I pulled out my laptop, keeping my eyes glued to the screen…even though I didn’t have anything on it to look at. Somehow…I could still feel him staring, though, and every second made my skin tingle with a mixture of dread and anticipation and something I didn’t want to name.
The professor, a tall woman with sharp features, began talking, introducing herself as Professor Hendrick. “Welcome to History of the Roman Empire. If you’re here for an easy ride, you might as well leave now.” Her voice cut through the room, but I barely heard it. All I could feel was the weight of Parker’s gaze.
My pulse thudded in my chest, and it took everything I had to keep my breathing steady. A few other students had noticed, their eyes darting between us with interest, like there was something here they wanted to figure out. I swallowed hard, shifting in my seat and gripping my pen until my knuckles turned white.
I forced myself to listen to the professor, catching snippets of what she was saying about expectations and midterms. But even then, the awareness of him didn’t fade. It was like he’d put me in a spotlight, and I couldn’t escape it.
I snuck another glance up and found him still watching, his blue eyes locked on me like he was trying to read every thought in my head. My heart did a strange, heavy flip, and I looked away so fast my neck hurt.
The last two years had been lonely. That was the only thing that could explain how I was reacting to a stranger. None of myfriends had wanted to deal with the sad girl that had lost her brother. They hadn’t known how to talk to me about anything…and so they’d just stopped talking to me altogether.
My mother had been so trapped in her grief over the death of her favorite child that her other child…the one that was still living…disappeared in her mind.
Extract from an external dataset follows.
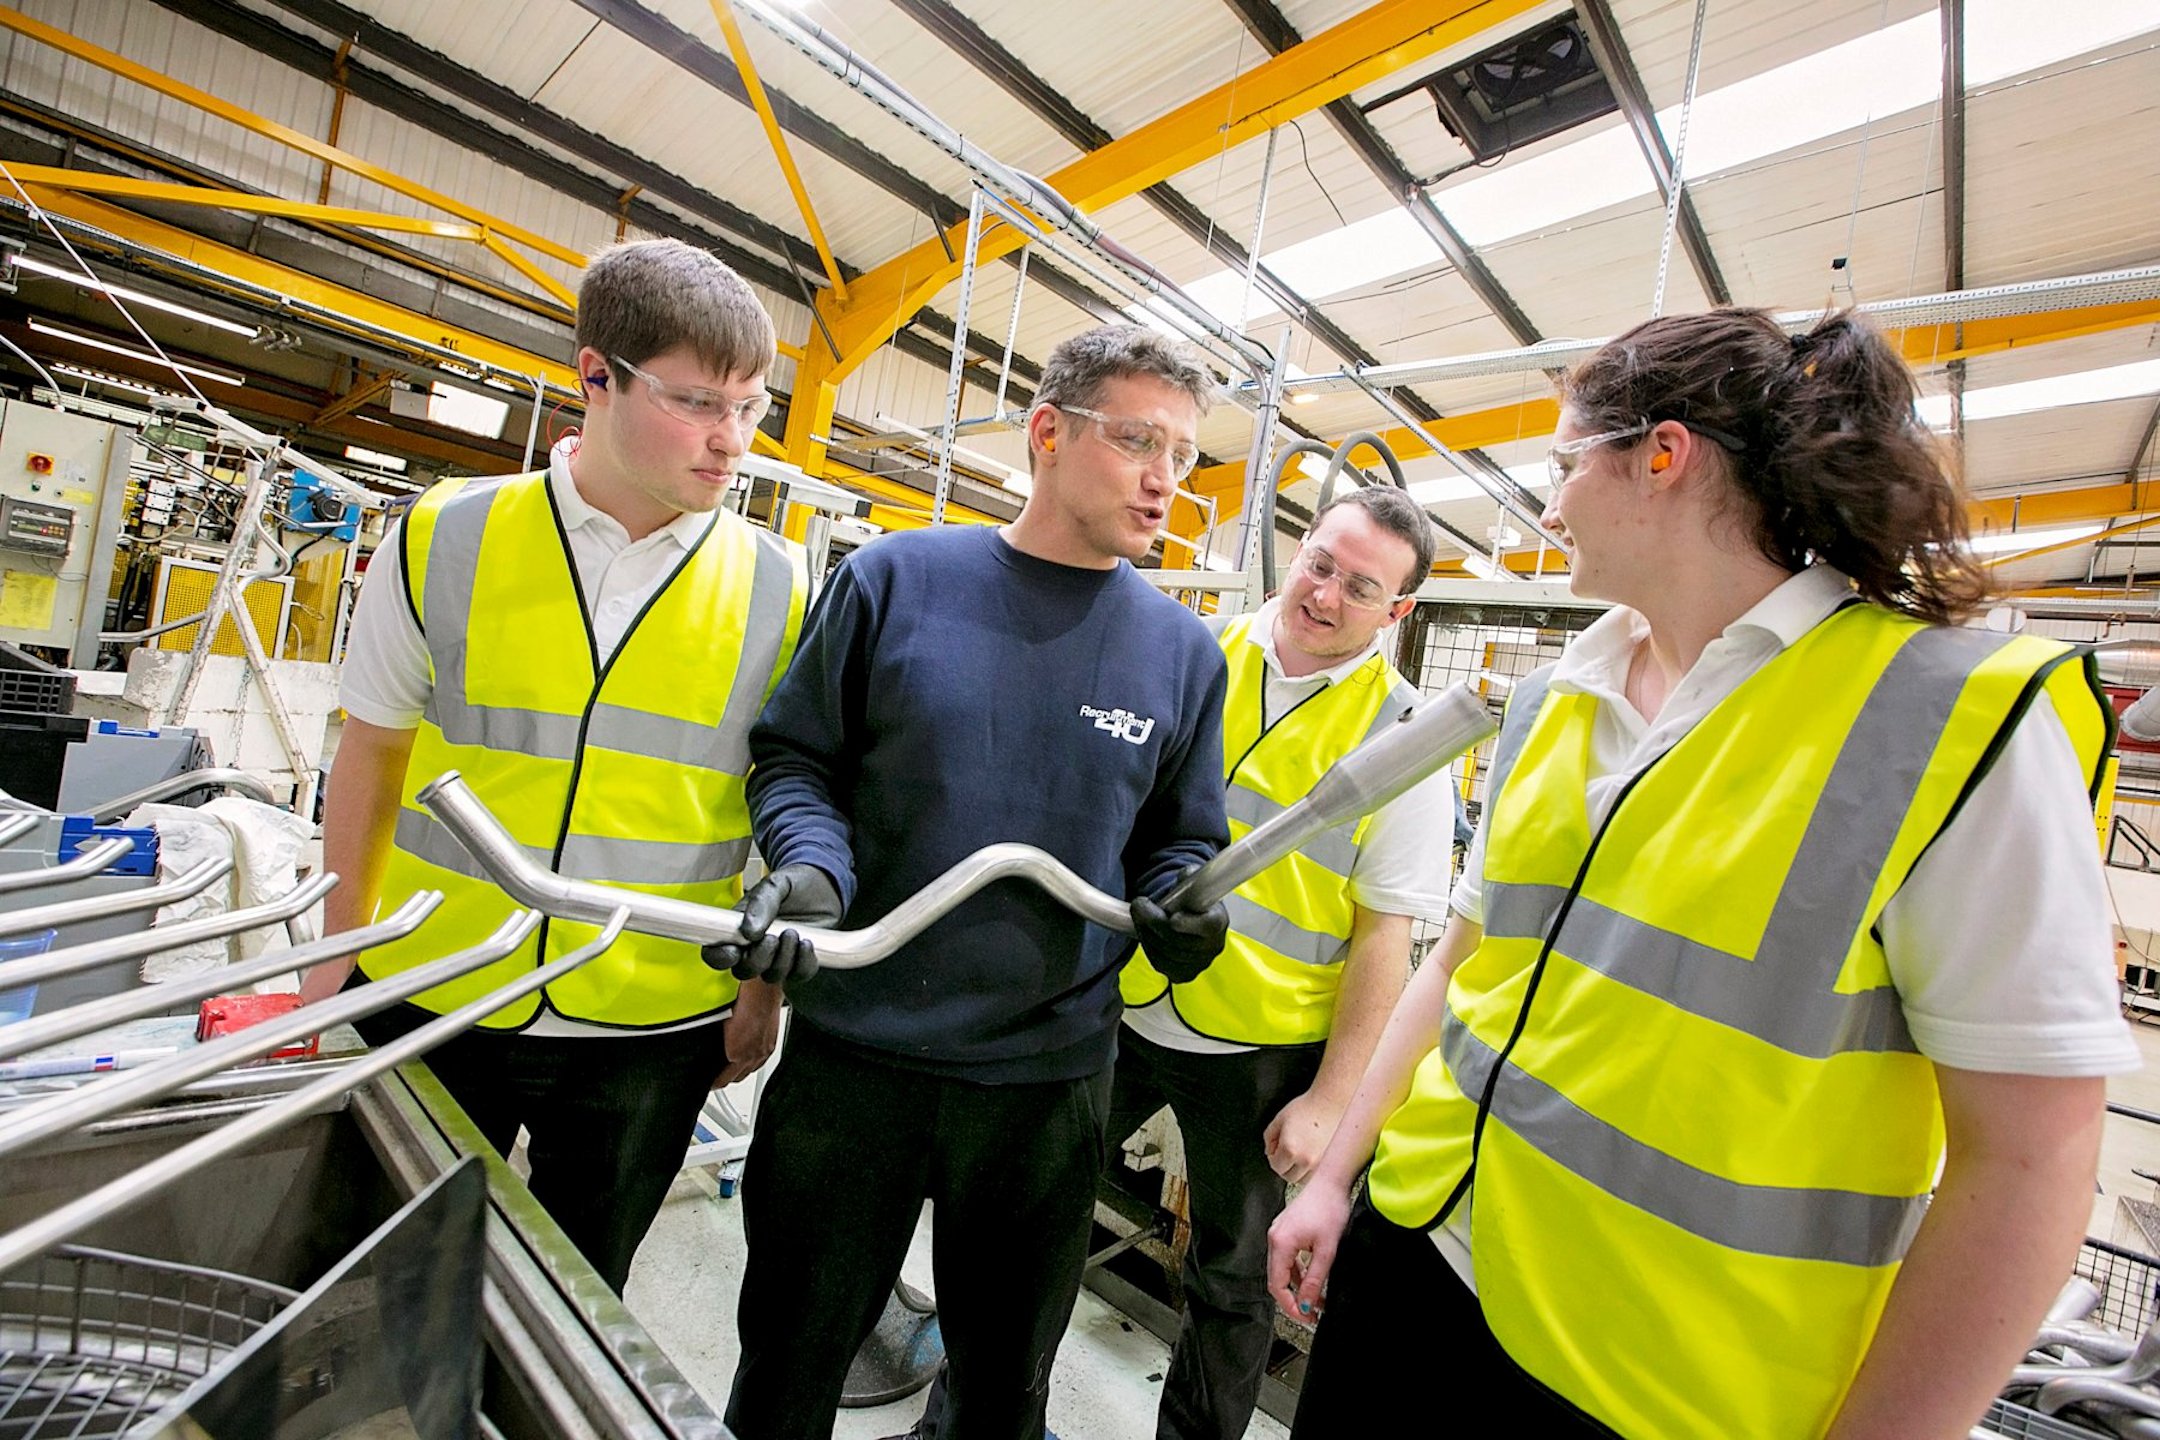 Movement to Work is a collaboration of Britain’s leading employers supporting unemployed young people into jobs or further education or training.
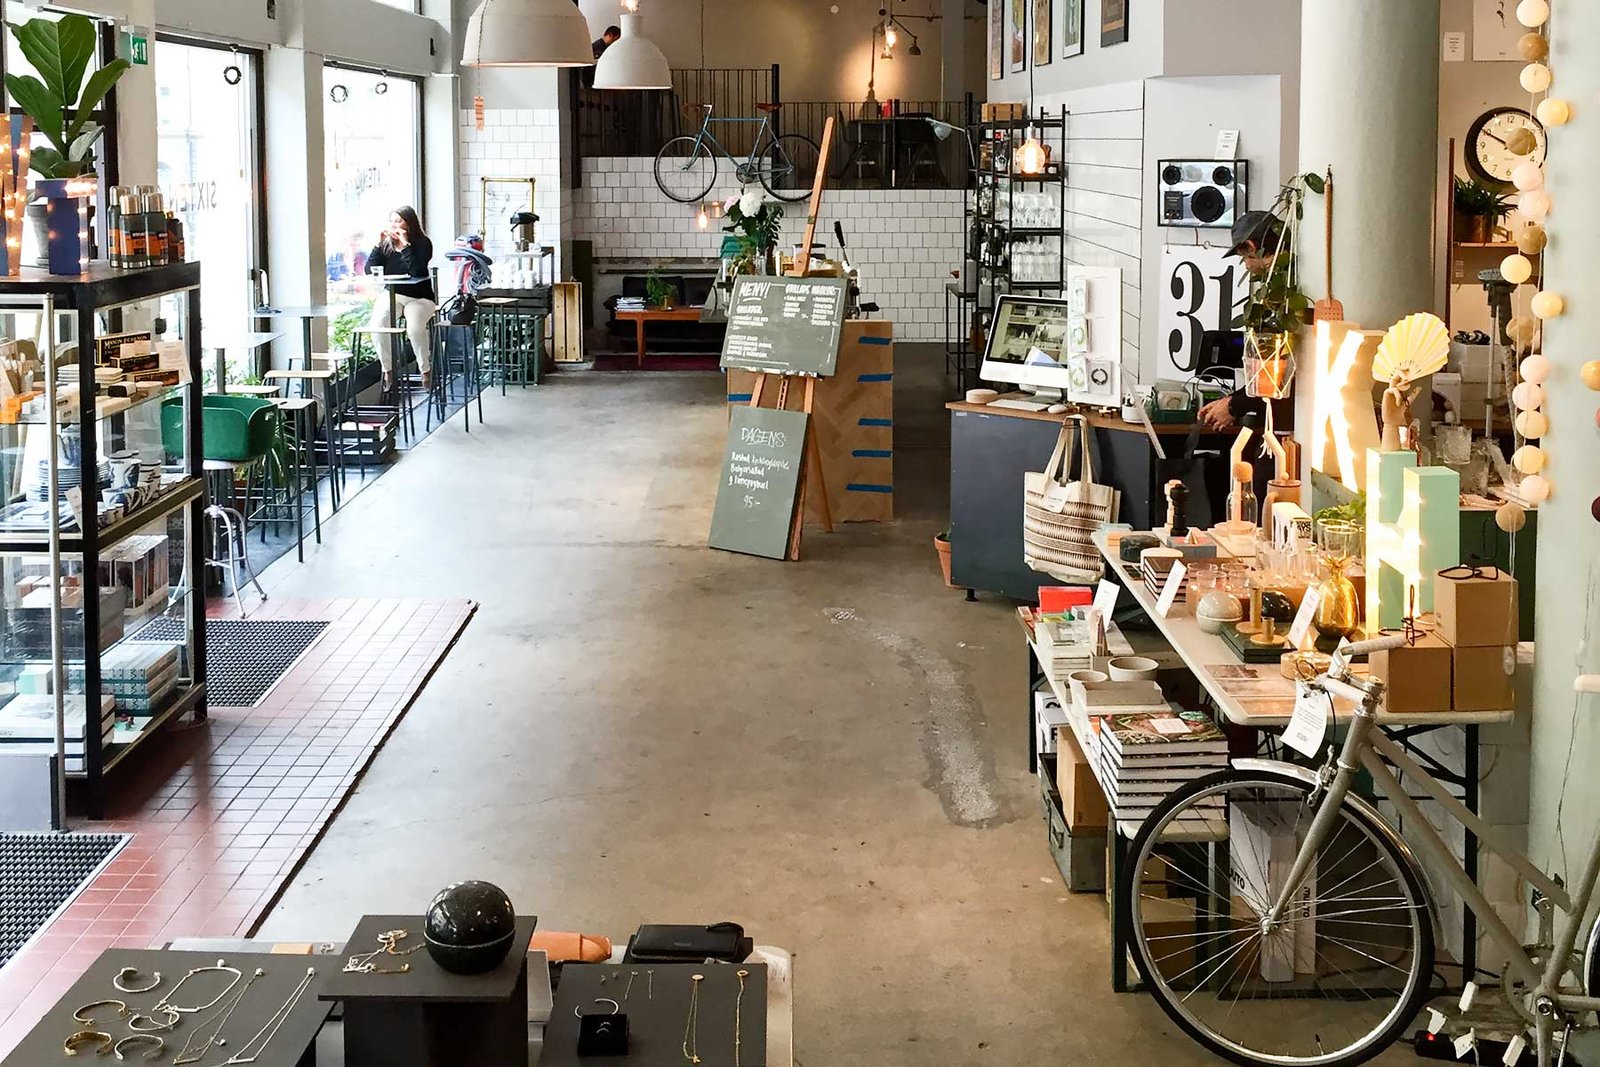 10 Food & Shopping hotspots you need to know in Stockholm - Concept Store Grandpa

We passed each other like shadows in the night, and I could count the conversations that I’d had with her on one hand over the past two years.
And Gray…well, I’d lived for his text messages, but if I was honest with myself…they’d been few and far between.
That loneliness had to be the explanation for why I was feeling so crazy right now because of a stranger, albeit a hot stranger, eyeing me.
I just wasn’t used to it.
“Mr. Davis, why don’t you introduce yourself to the class as our teaching assistant?” the Professor suddenly said.
And that got my attention.
I peeked up once…only to lock eyes with him again…and I immediately resumed studying the pencil marks etched into the top of my desk.
Parker started talking…and although a lot less articulate than I would have thought he’d be as a guy who probably had to talk in front of crowds all the time…his voice…fuck. It was deep, rich, a perfect mix of confidence and something rougher that made the air seem heavier. The sound of it vibrated in a way that sank right into my chest, making me feel it more than just hear it. It wasn’t just a voice; it was a presence. Low, commanding, with a hint of rasp that made my pulse quicken and my skin flush hot.
His words seemed to brush over my skin and leave a trail of awareness in its wake, heat pooling low in my stomach like a slow burn. It was as if his voice reached across the space between us and pulled me in, locking me in place whether I wanted it or not.
What the hell was wrong with me?
I only caught a few things that Professor Hendrick said for the rest of class…which was definitely a problem since I was pretty sure she’d given us our first assignment at the end. All I knew was that the second she said the words “Class dismissed,” I was out of my seat, grabbing my bag and hustling down the row as I tried not to trip on everyone else who seemed in no hurry to get out of class.
Maybe it was because they hadn’t been stared at all class by the hottest man alive.
It made a difference when you were the one doing the staring, I supposed.
I had made it two steps out the door and had proudly kept my eyes to myself the entire time, when I heard that voice—calling “hey” behind me.
Even though it didn’t make sense. I knew Parker Davis was calling after…me.
I turned around…and it felt a little like my heart might be breaking. Because now that I’d seen him up close, how was anyone, for the rest of my life, supposed to compare?
His lashes were thick and dark, no doubt the envy of every woman who swooned over him. The light from the windows in this hallway was catching on the sharp line of his jaw, the little flecks of gold in those electric-blue eyes. He was devastating, magnetic…perfect. The rough shadow of stubble on his face, the way his lips tilted in a half-smile—it all sent a wave of heat through me that had me barely able to hold myself together.
“Hey,” he said, simple and casual, but his voice carried that same low hum, like it held secrets meant only for me.
It was really bad that Iwantedthose secrets.
“Um—hi?” I managed, the word coming out softer than I wanted…and confused. My throat felt tight, like it was suddenly hard to breathe.
His gaze lingered, eyes scanning my face like he was trying to memorize every detail. The world seemed to narrow to just us, the noise of shuffling students, and slamming doors fading away. I felt hyper aware of everything—of how close he was—and how he smelled, like clean, masculine energy…with a hint of something darker. Or the way his presence seemed to fill every inch of space between us.
I crossed my arms in front of my chest, just in case my suddenly ridiculously hard nipples were poking through my bra and he could see.
“Did you need something?” I finally murmured, when we’d just been standing there gazing at each other for what seemed like an eternity.
He blinked, as if the sound of my voice had broken him out of a trance.